● **Exercise**: Using the records below, transcribe word for word the stretch from the line that contains "Aibecy Webcam Web-Camera" through the line that contains "Kerala eyes sharp", both end lines included, and nothing else.
___ Data excerpts ___
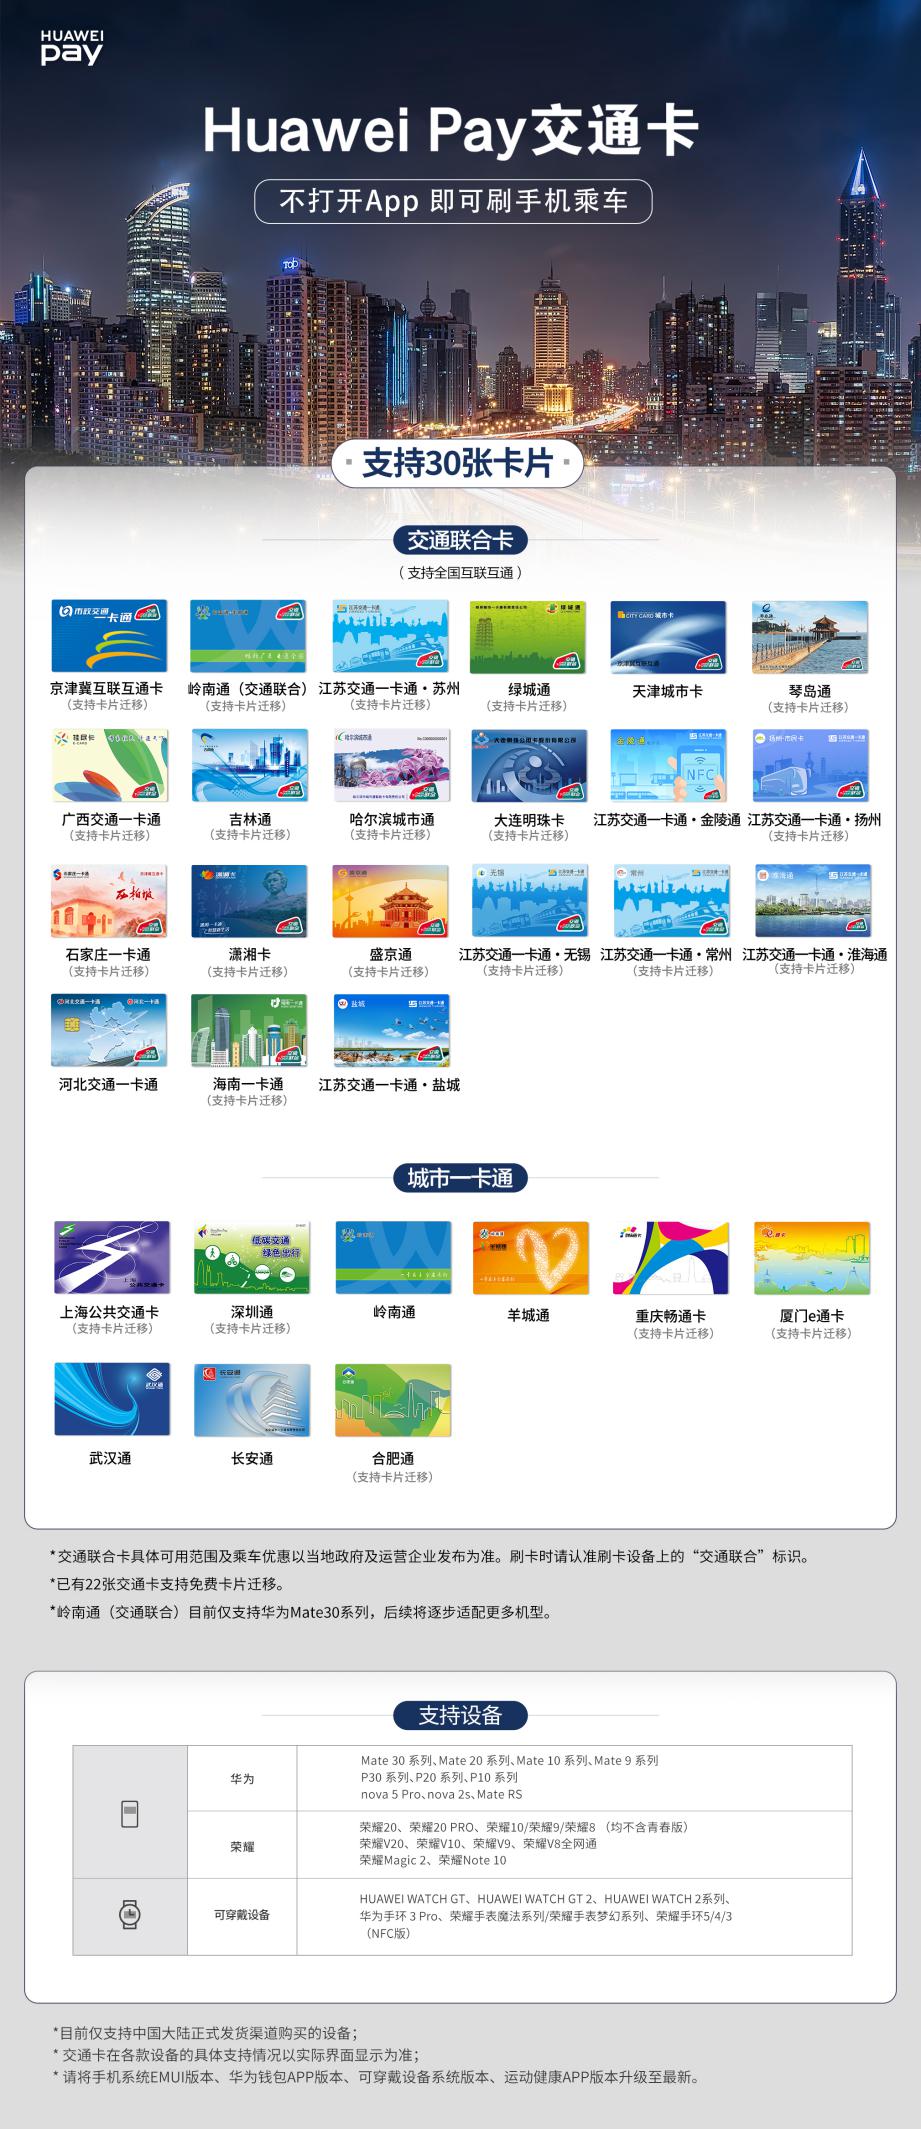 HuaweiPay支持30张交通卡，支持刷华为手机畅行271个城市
___
___ Data excerpts ___
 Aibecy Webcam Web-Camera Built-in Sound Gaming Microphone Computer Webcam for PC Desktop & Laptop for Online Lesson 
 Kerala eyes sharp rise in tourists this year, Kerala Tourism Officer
___
● **Result of the task**:
 Aibecy Webcam Web-Camera Built-in Sound Gaming Microphone Computer Webcam for PC Desktop & Laptop for Online Lesson 
 Kerala eyes sharp rise in tourists this year, Kerala Tourism Officer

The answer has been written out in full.